For their part, the band has swapped labels, shifted members, recorded with a saxophone—restless acts of creation and career sustenance. More important, as a band of young, white rock ’n’ roll types, is their social intelligence, a self-aware humility they channel into urgent, buoyant tunes. Had they remained art-punk miscreants blowing out noisy experiments in their low-stakes hometown of Walla Walla—or even the anthem-rock acolytes of 2014’s excellent Dehumanize—their music might be fun but it wouldn’t be weighty. They wouldn’t have achieved the nuance and vulnerability of Sincerely.
In its guitar-bass-drums format and sugar-buzz exuberance, Sincerely is the same Dude York as ever. Songs like “Paralyze” and “Bit Saloon” follow the old hard-charging, subtly melodic template. Yet in its thematic relevance the new material feels entirely different. (Consider the title alone, the diametric opposite of early, self-abnegating Bandcamp titles like Escape from Dude York and Gangs of Dude York.) Maybe it’s the increased presence of Claire England, the bassist who arrived in 2012, alongside singer/guitarist Peter Richards and drummer Andrew Hall, but these songs acknowledge their fraught cultural context. They aim not just for ecstasy but humanity.
These lyrics by Richards, from “Black Jack,” open the album: “If you fear, or feel afraid/If you find satisfaction from getting paid/Throw both of your hands up, you’ve just been made/You were born different and meant to be that way.” After this declaration of self-acceptance comes “The Way I Feel,” Richardson soar-oar-oaring on the four words of the titular chorus, perhaps modern rock’s most succinct summation of narcissistic social media obsession.

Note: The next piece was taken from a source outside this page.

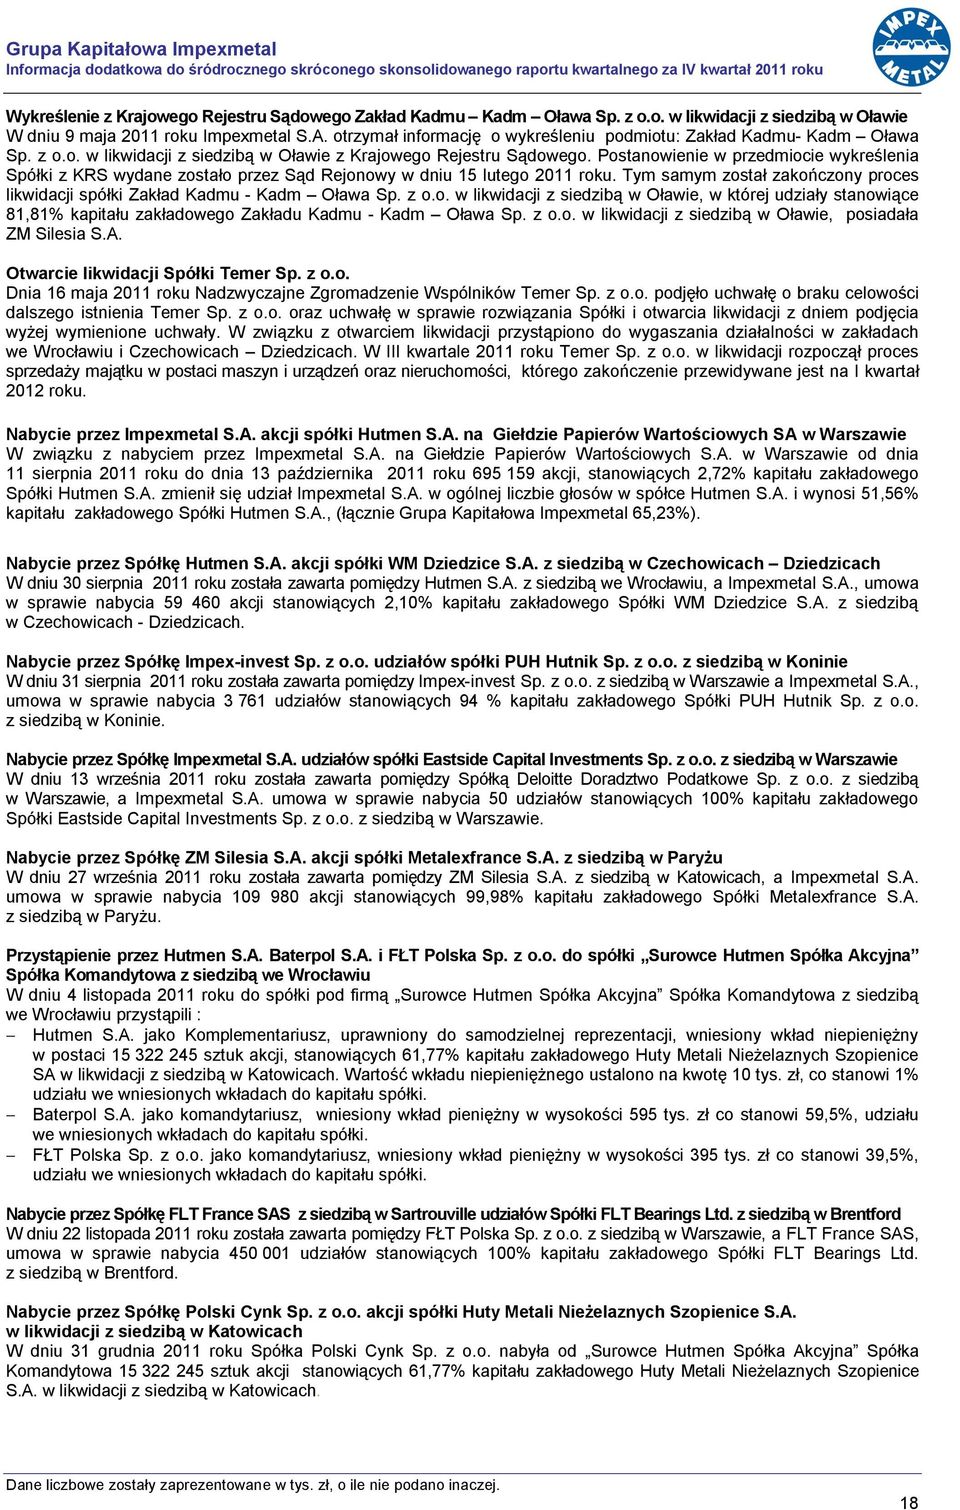 Postanowienie w przedmiocie wykreślenia Spółki z KRS wydane zostało przez Sąd Rejonowy w dniu 15 lutego 2011 roku. Tym samym został zakończony proces likwidacji spółki Zakład Kadmu - Kadm Oława Sp.

“Love Is” is Sincerely’s lead single for good reason: It finds the band expanding into an entirely fresh and compelling mode. Penned and sung by England, it’s journalistic in its observation and poetic in its expression. With a throaty, assertive voice she sings a litany of romantic scenarios and imbroglios—including a Courtney Love-referencing moment of self-loathing—before summing up the struggle in the extra-wry chorus: “As far as I know/That’s all love is.”
These songs are drenched in angst but elevated by the band’s indefatigable energy, and that energy is the fourth member of Dude York—an intangible but crucial component, wrought collectively, capable of magic.